The central story involves Anastasia, the daughter of Czar Nicholas, whose family is executed during the 1917 revolution. Anastasia escapes (in reality she was also murdered, but there were rumors for years that she was spared), but has amnesia and ends up an orphan. Eventually she learns that she is actually a princess, so that’s kind of happy, except that she also learns her family was murdered. Anyway, it is a decent story and has some historical elements to it. The villain in the movie is Rasputin who has magical powers and sells his soul to take revenge on Anastasia’s family (actually he was murdered about a year before the czar’s family). For most of the movie he is undead, and rotting, with appendages falling off. This is a kid’s movie? It is played for laughs, but it is pretty gruesome. His sidekick is an albino bat named Bartok, played by Hank Azaria who does so many great voices on The Simpsons, but whose nasally Russian-ish voice here is like fingernails on a chalkboard for me. He’s supposed to be a source of comic relief, but he’s not really that funny, a pale imitation of Gilbert Gottfried’s Iago in Aladdin. And since we rarely see his wings, he looks more like a mouse than a bat. Anyway, Rasputin is bent on killing Anastasia and fulfilling the curse he put on the Romanovs. I don’t think the rotting flesh Rasputin really works and we kind of know that they’re not going to let this beautiful riches to rags to riches princess get killed. So I don’t think the fundamental conflict works and maybe they could have fleshed out more of the story of the princess trying to prove her identity, though I don’t know if there is enough material there to sustain the movie.
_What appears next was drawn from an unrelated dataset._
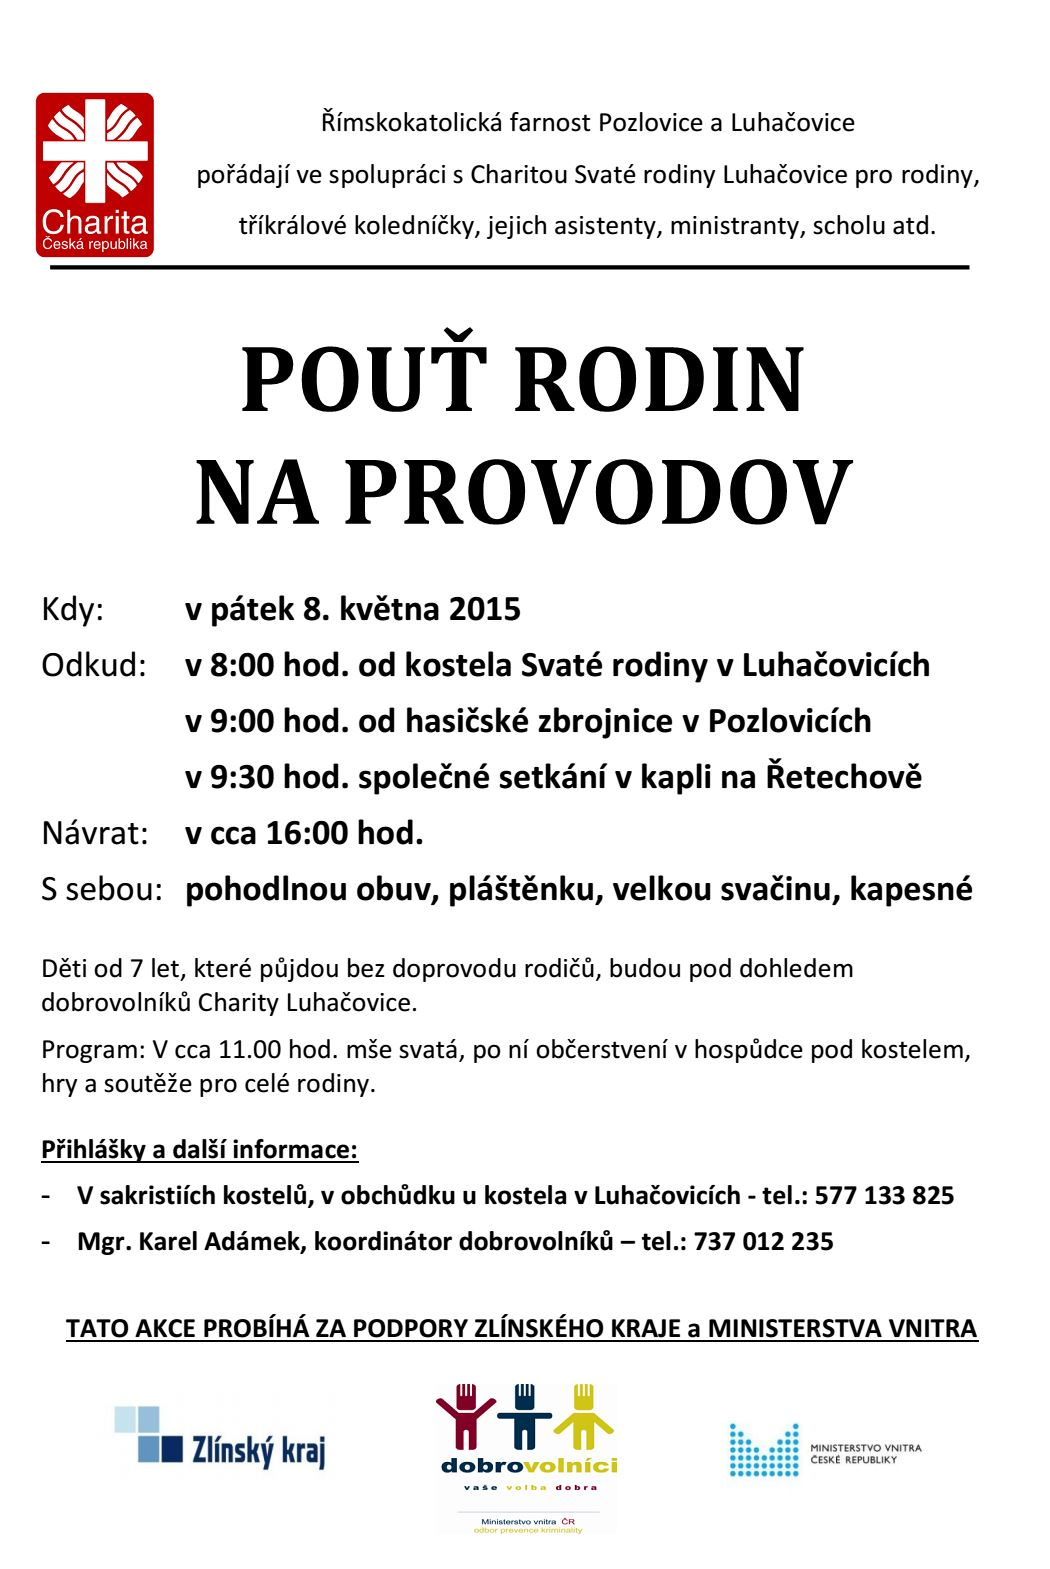 Pouť rodin na Provodov - 8. 5. 2015

The music seems decent. Twenty years later, you haven’t heard of these songs, but one of the songs as well as the score were nominated for Oscars. I think my problem with the movie is that, similar to Disney’s Hunchback of Notre Dame around that same time, is the movie didn’t need to be animated. Except for a dog and Bartok, the entire cast are people. Rasputin needed some animation and there are a lot of special effects with spirits, but it just isn’t that much fun watching a cartoon about people. And of course the very dark historical material puts a burden on the movie even though it plays out a little more like a fairy tale. This movie is probably better left forgotten, though I think it is a good example of animation from that time period between traditional animation and computer animation. I can’t give this more than a B-.